§ PROBLEM DETAILS:
Repeat the listing below in full and exactly, but without its pictures.

§ INFORMATION PROVIDED:
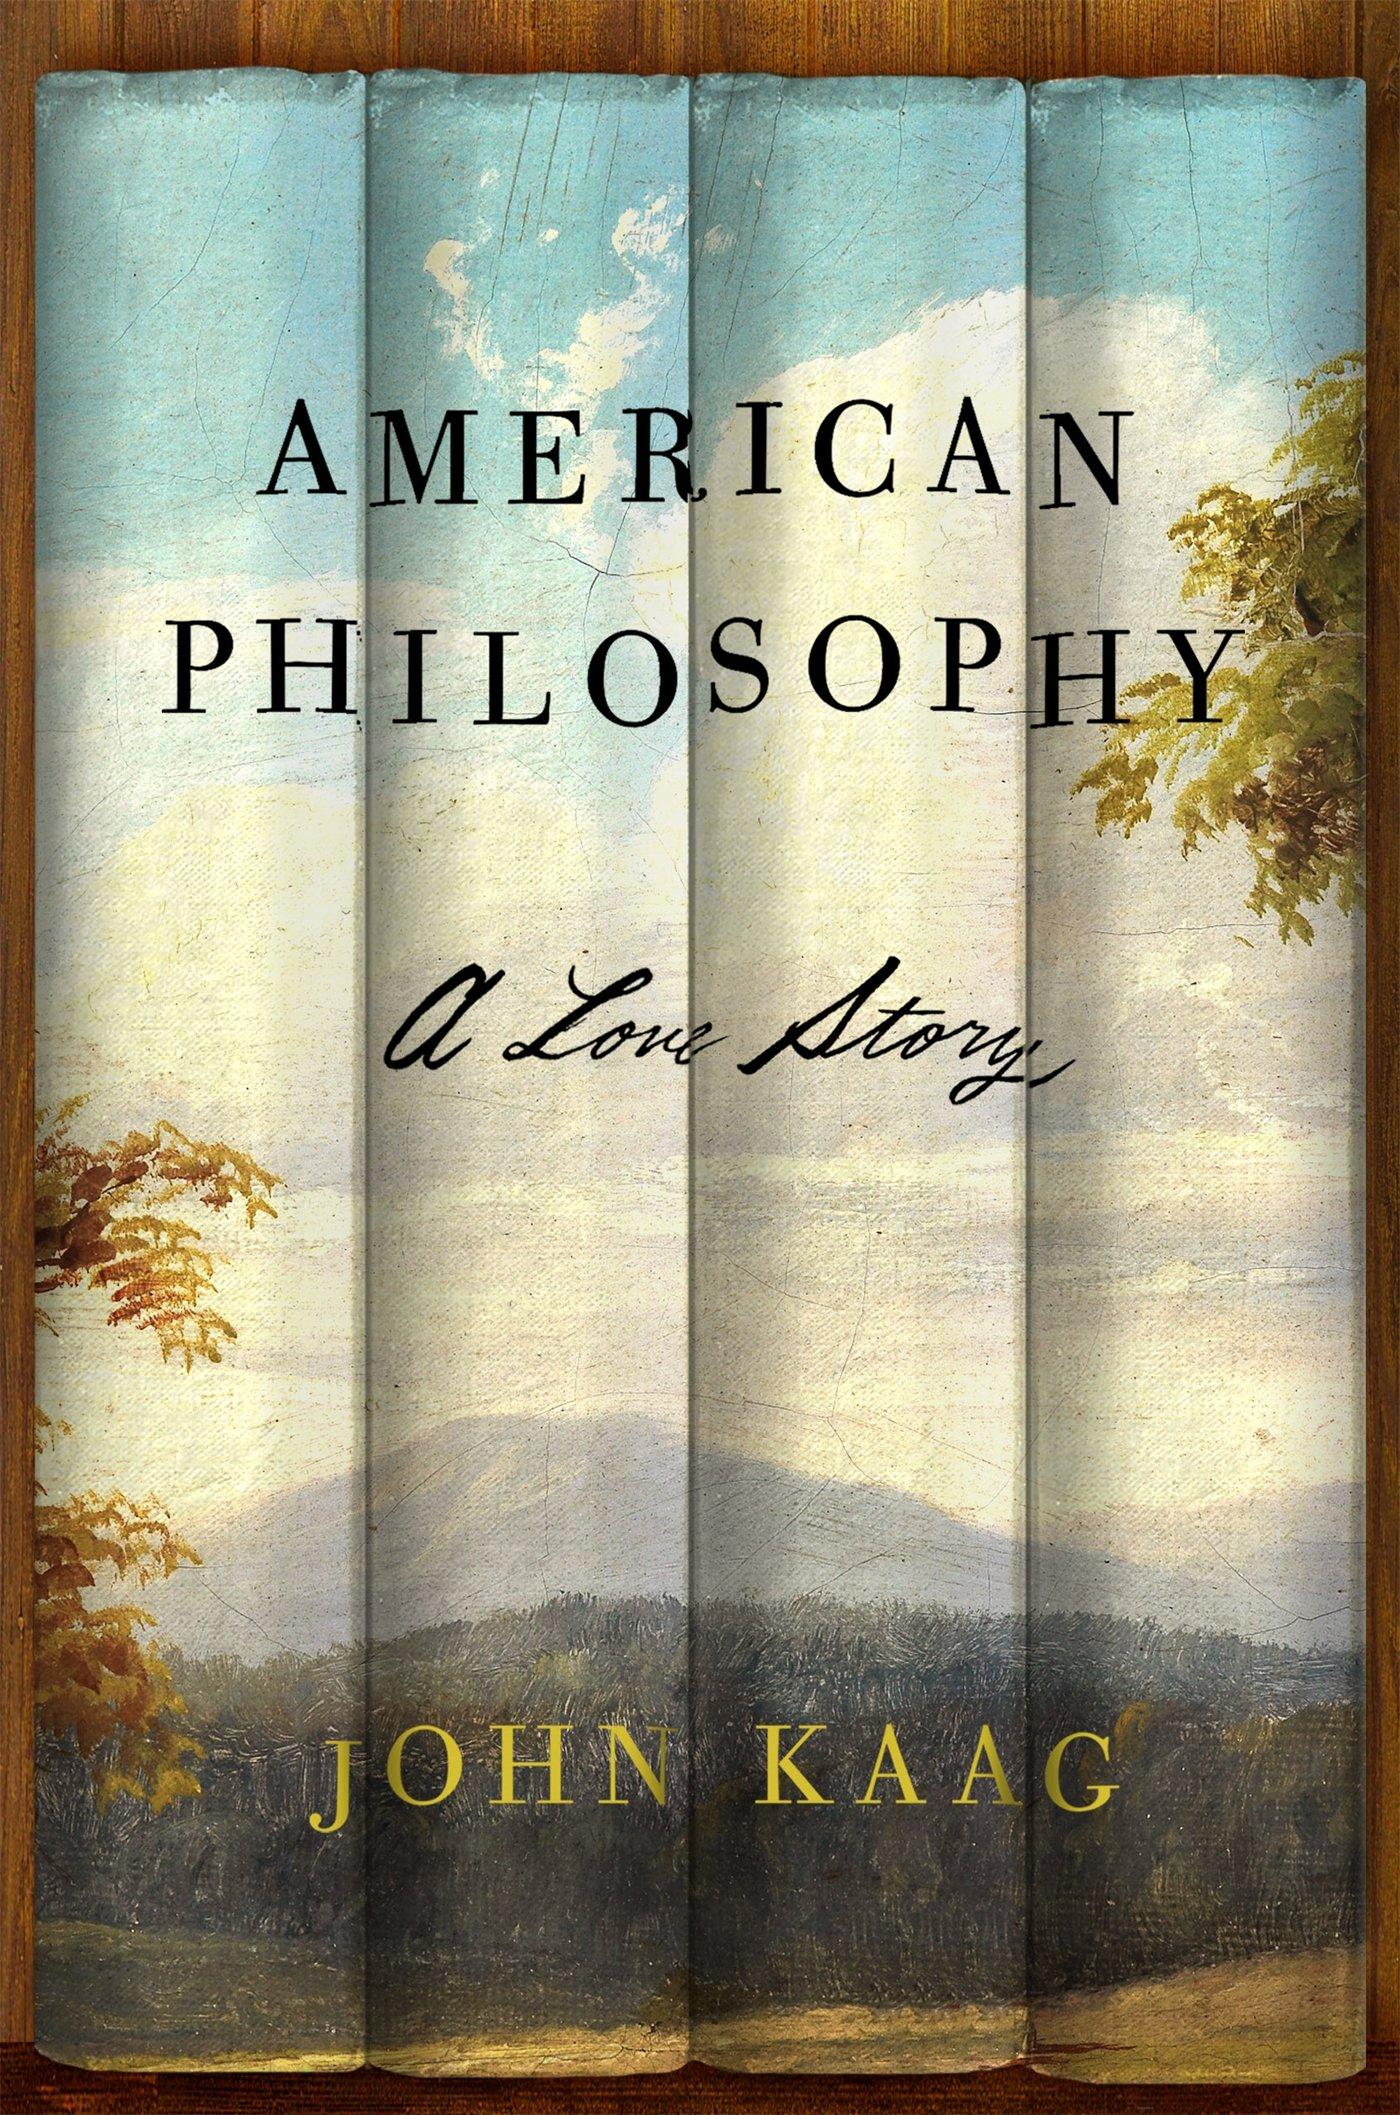 American Philosophy by john Kaag.
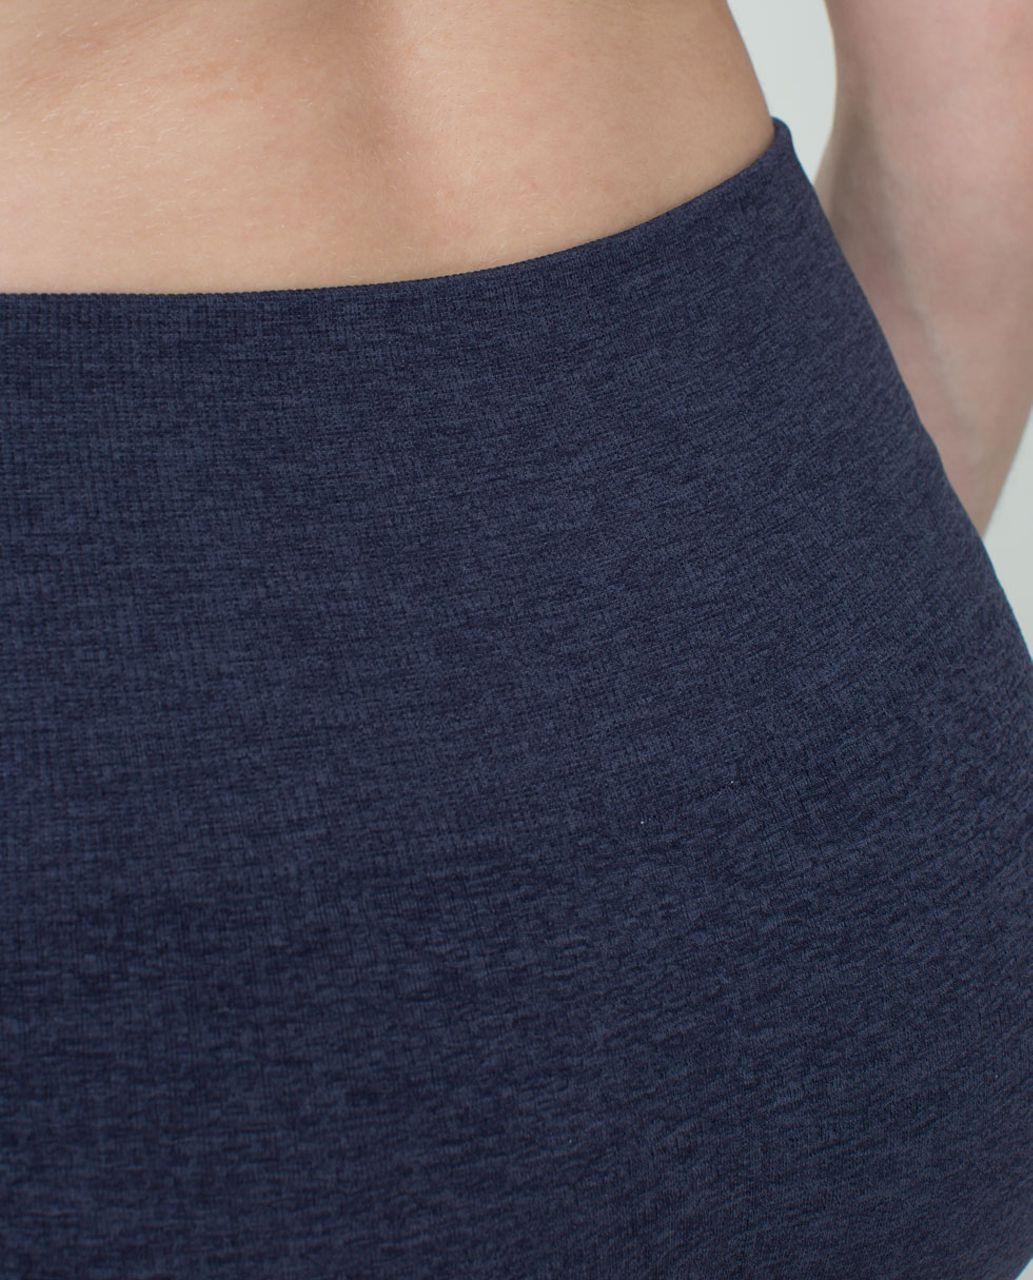 Lululemon Ebb To Street Pant - Heathered Cadet Blue
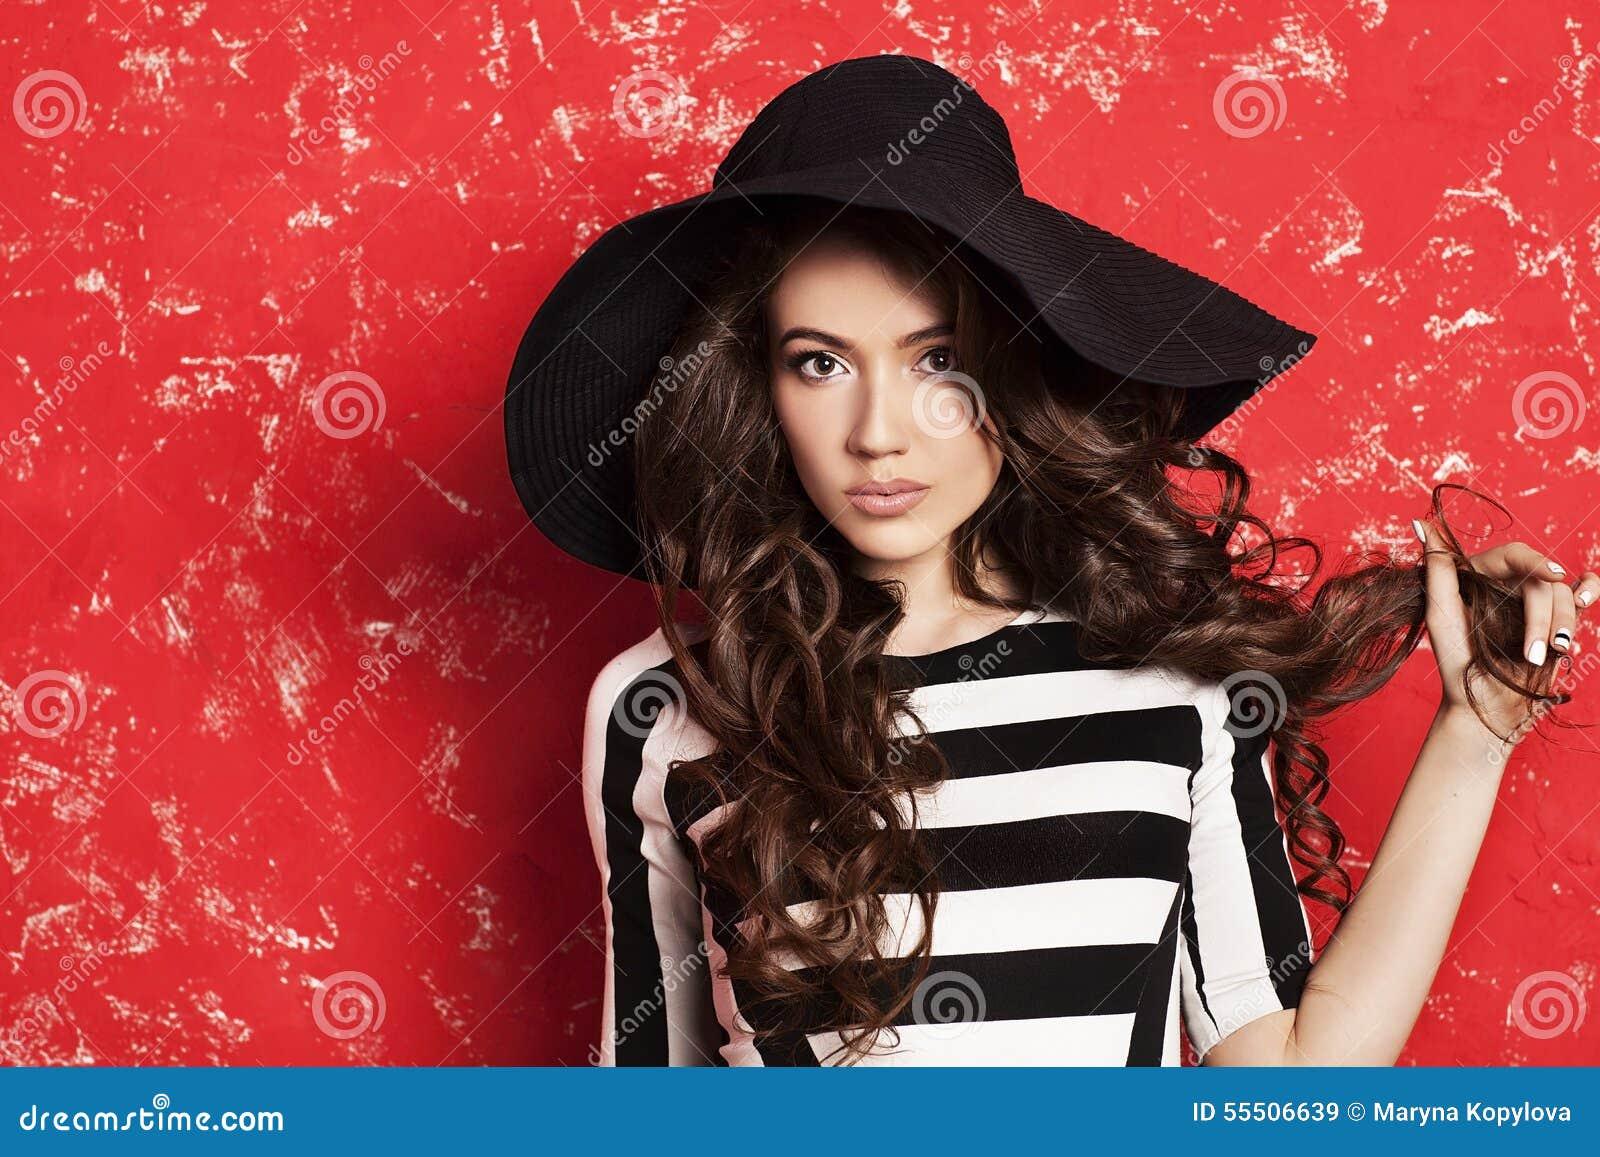 05ad3d12d3eb Bande in bianco e nero Modello di modo alla moda Alto vicino del fronte  Grande cappello Immagine variopinta

§ RESPONSE TO THIS TASK:
 American Philosophy by john Kaag.
 Lululemon Ebb To Street Pant - Heathered Cadet Blue
 05ad3d12d3eb Bande in bianco e nero Modello di modo alla moda Alto vicino del fronte  Grande cappello Immagine variopinta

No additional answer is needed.